Carl Davis, research director with the Institute on Taxation and Economic Policy, told a legislative committee that the federal tax bill known as HR1 produces large benefits for higher-income families and creates questions for Vermont about whether to “conform” to those federal changes.

Davis said the bill reduces rates, adjusts brackets, expands the standard deduction and the child tax credit, and includes large business tax breaks, particularly accelerated depreciation. “And just to emphasize, around half of the tax cuts in this federal bill are flowing to the top,” Davis said, describing a distributional pattern that he called a “regressive tilt.”

The nut graf: Davis urged lawmakers to treat conformity choices selectively. He said some federal provisions—especially those aimed at business investment and new carve-outs for early-stage investors—translate poorly to Vermont policy, which relies on single-sales-factor apportionment and cannot target many federal incentives to in‑state activity.

Davis presented state-level modeling showing small average dollar gains for low-income households and much larger absolute gains for higher-income families. He highlighted three specific areas for committee attention: (1) the early-stage investor exclusion (expanded in HR1) that he said is administered as an exclusion and is highly concentrated among very high‑income taxpayers, (2) large depreciation and business tax changes that represent the largest conformity revenue risk, and (3) new international-income categories (NCTI/GILTI-like provisions) that interact with Vermont’s sales‑factor apportionment.

On the investor exclusion, Davis said the benefit is highly concentrated and difficult for a state to target: “This is being expanded…94% of the benefit is going out to…millionaire households,” he said, adding that states such as the District of Columbia and several others have already decoupled from similar provisions. On depreciation, he warned the committee that accelerated business depreciation is the single largest business-conformity revenue risk and recommended careful scrutiny before adopting federal changes into state law.

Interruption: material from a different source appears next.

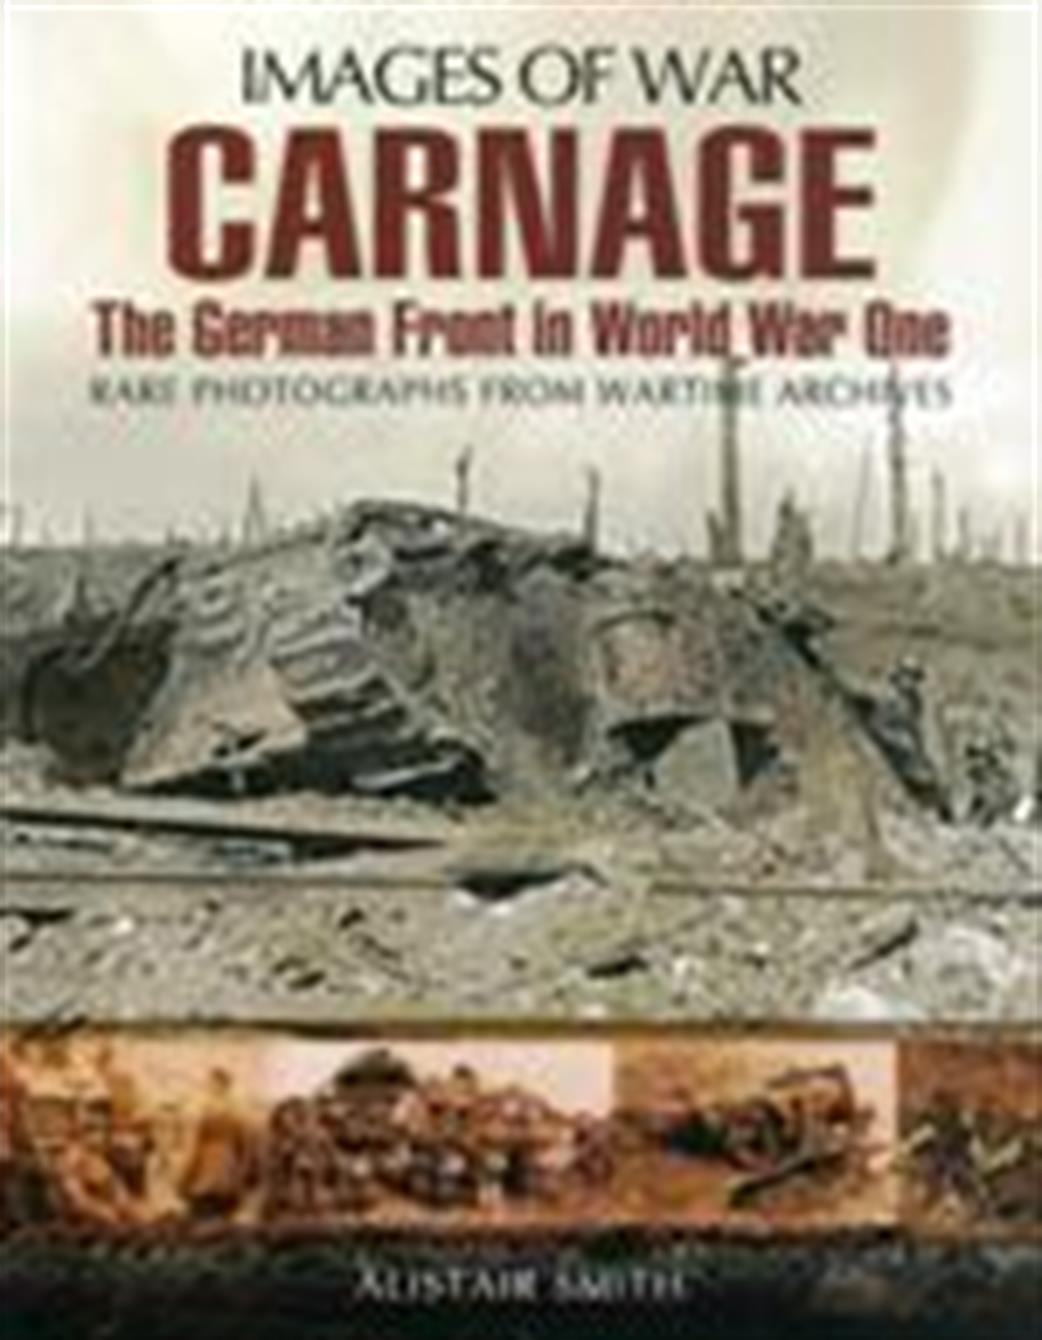 Pen & Sword  9781848846821 Images of War Carnage German Front In World War One by Alistair Smith

Davis also explained why Vermont’s single‑sales‑factor corporate tax reduces the state rationale for some federal export or production deductions: because Vermont apportions income by where sales occur, expanded federal deductions for export-type income do not necessarily change Vermont’s taxable share of profit. He described the NCTI discussion as another area where states can rely on existing apportionment rules rather than adopt federal percentage write‑offs.

Committee members asked about taxpayer mobility and whether higher state taxes cause high‑income residents to leave. Davis said migration effects exist but the empirical literature generally finds them small and nuanced; he pointed to California’s legislative debate and the experience of Massachusetts and Maryland as examples states can study.

Members and Davis repeatedly noted that the Joint Fiscal Office (JFO) and Ways and Means are doing technical modeling. Davis recommended a case‑by‑case approach—decoupling where federal provisions create large state revenue loss or where the federal rationale does not apply to state policy, and adopting modest federal changes that improve tax administration or advance clear state goals, such as certain dependent‑care improvements.

The committee did not take formal action during the session. Davis concluded by urging careful drafting and more modeling by JFO before any state conformity decisions.

What’s next: JFO is working on modeling the fiscal impacts and the committee will use that analysis to inform any statutory conformity or decoupling proposals.